◆ DATA EXCERPT:
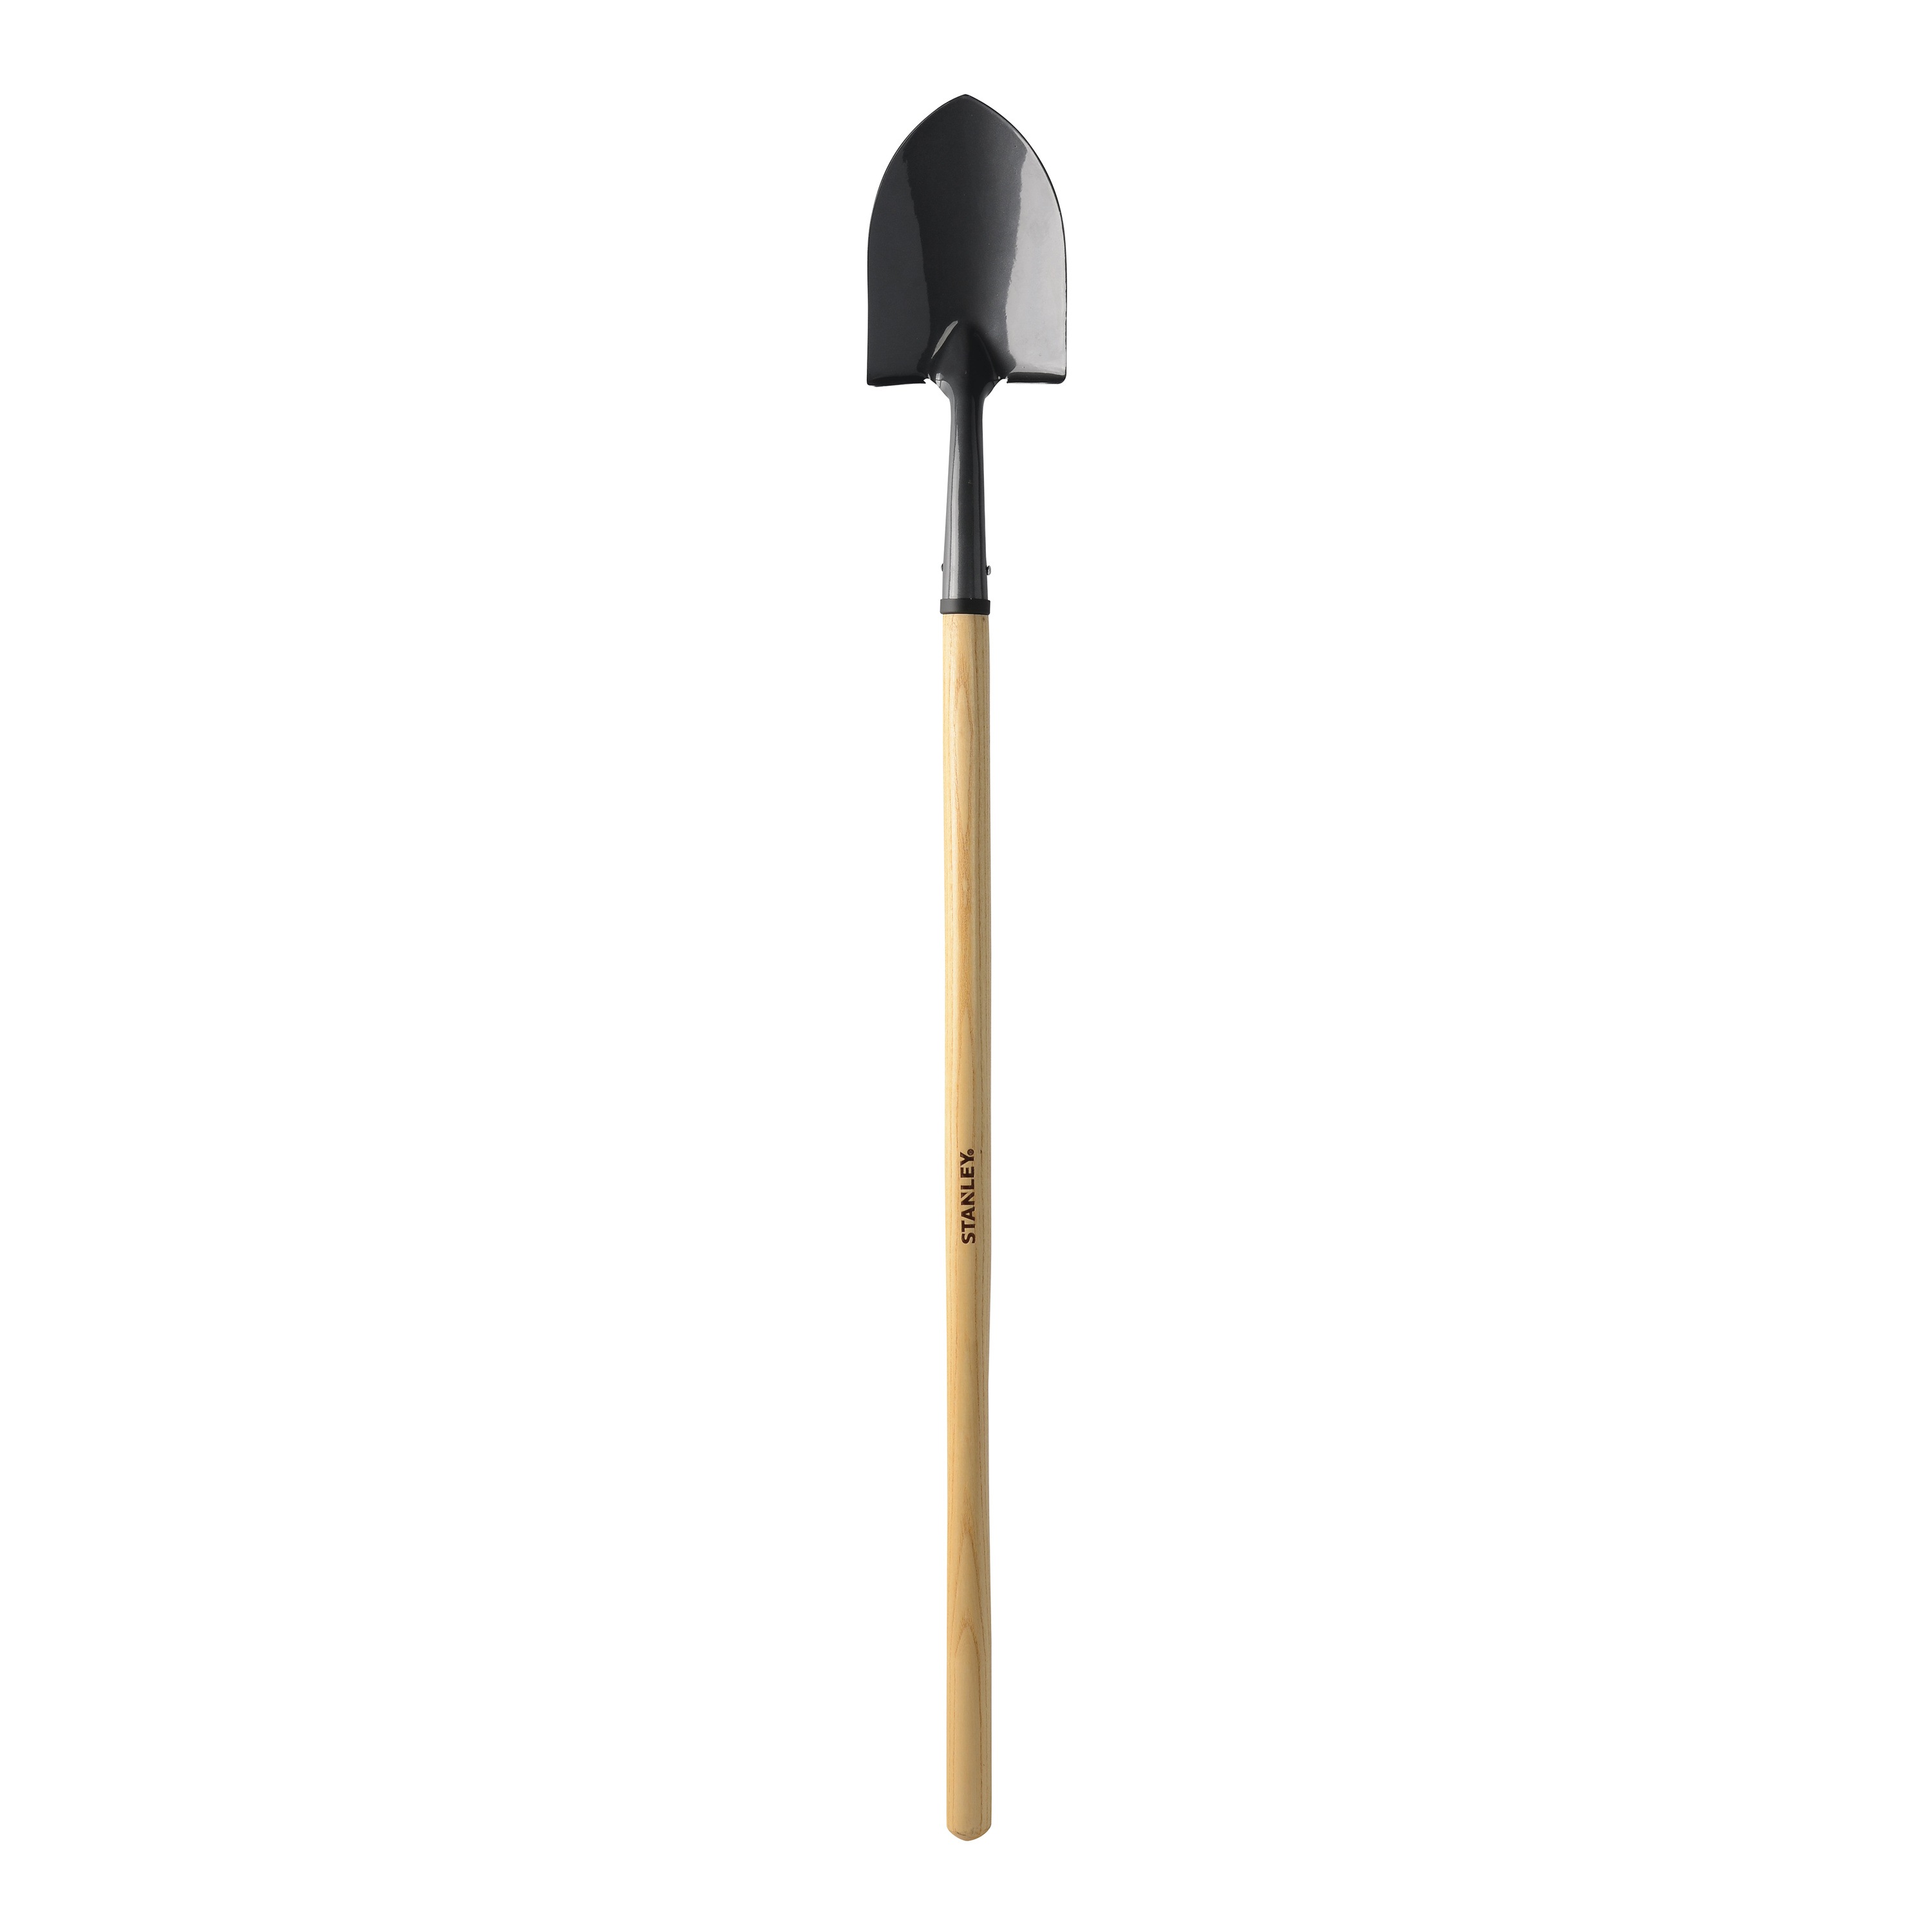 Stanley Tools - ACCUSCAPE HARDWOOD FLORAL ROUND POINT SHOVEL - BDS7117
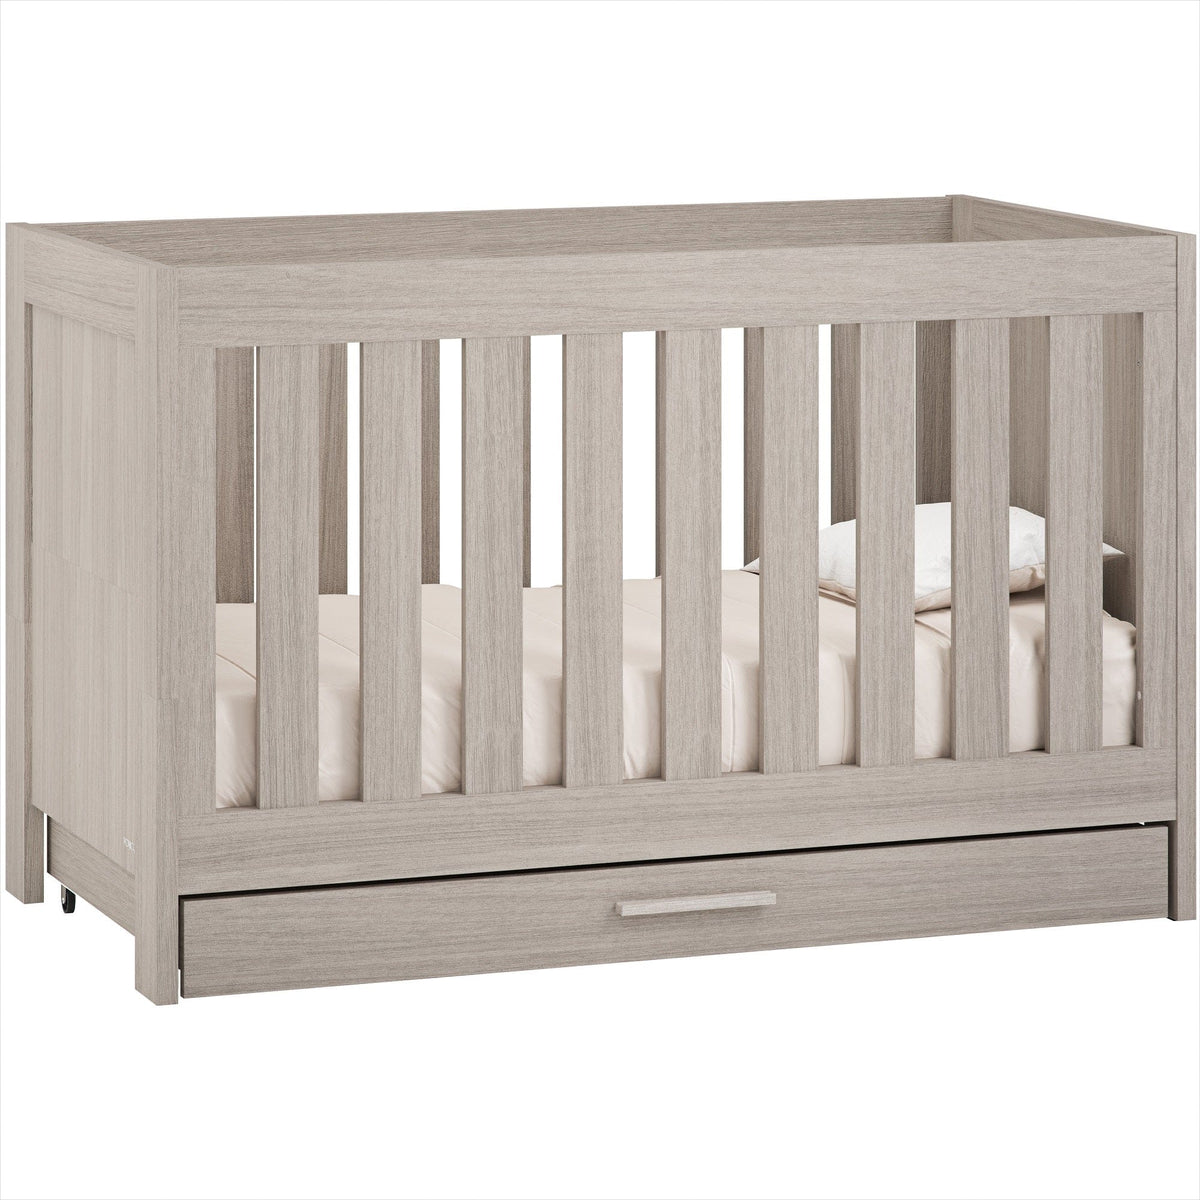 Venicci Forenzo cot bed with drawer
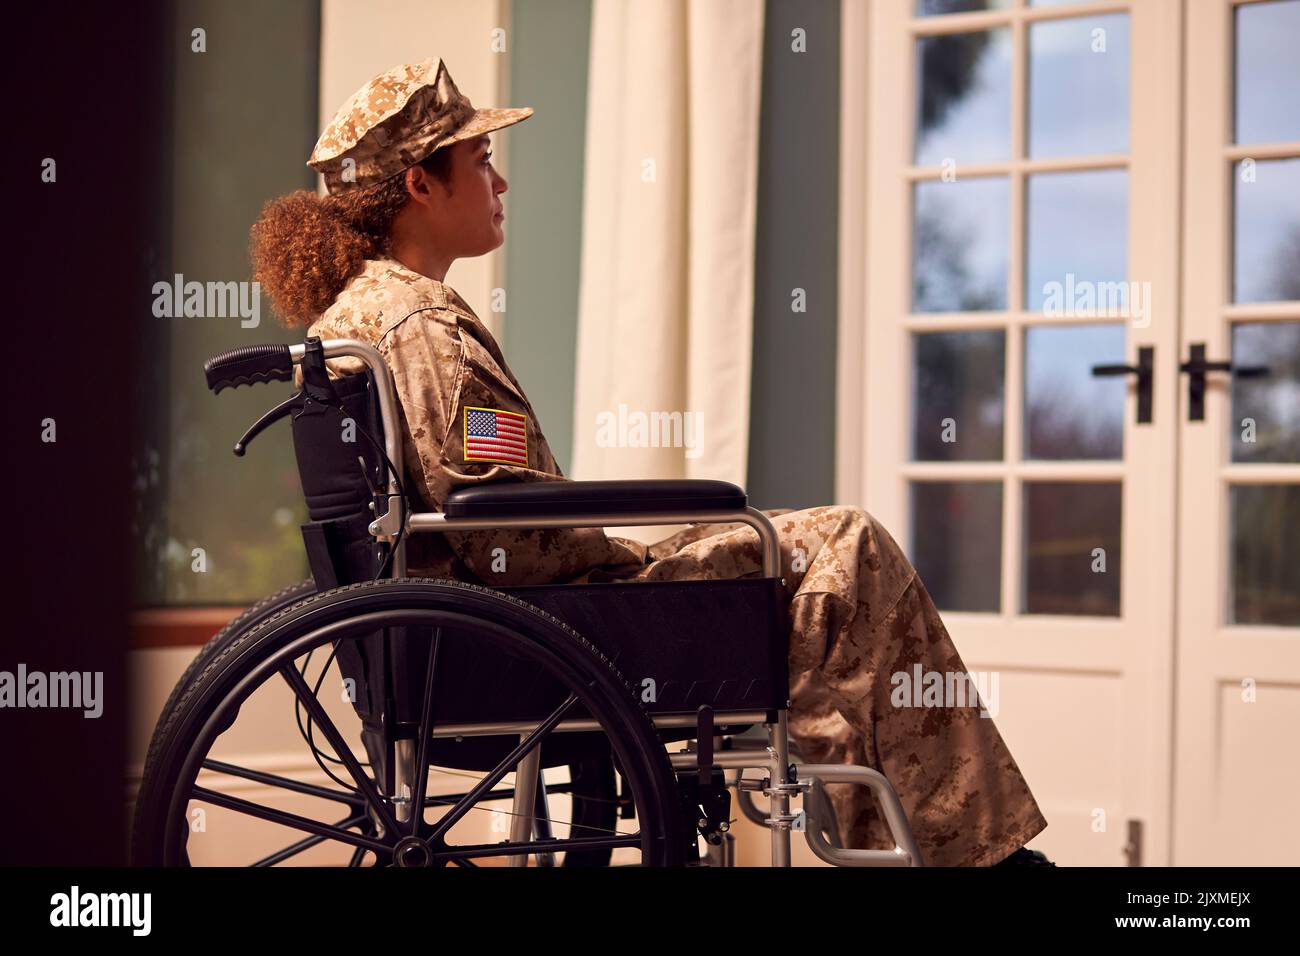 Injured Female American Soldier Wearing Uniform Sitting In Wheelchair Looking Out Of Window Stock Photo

◆ DIRECTIONS: No pictures belong in the copy; quote exactly the lines from the line containing "Venicci Forenzo cot bed with drawer" through the final line of the material, both ends included.

◆ ANSWER FOR THIS EXERCISE:
 Venicci Forenzo cot bed with drawer
 Injured Female American Soldier Wearing Uniform Sitting In Wheelchair Looking Out Of Window Stock Photo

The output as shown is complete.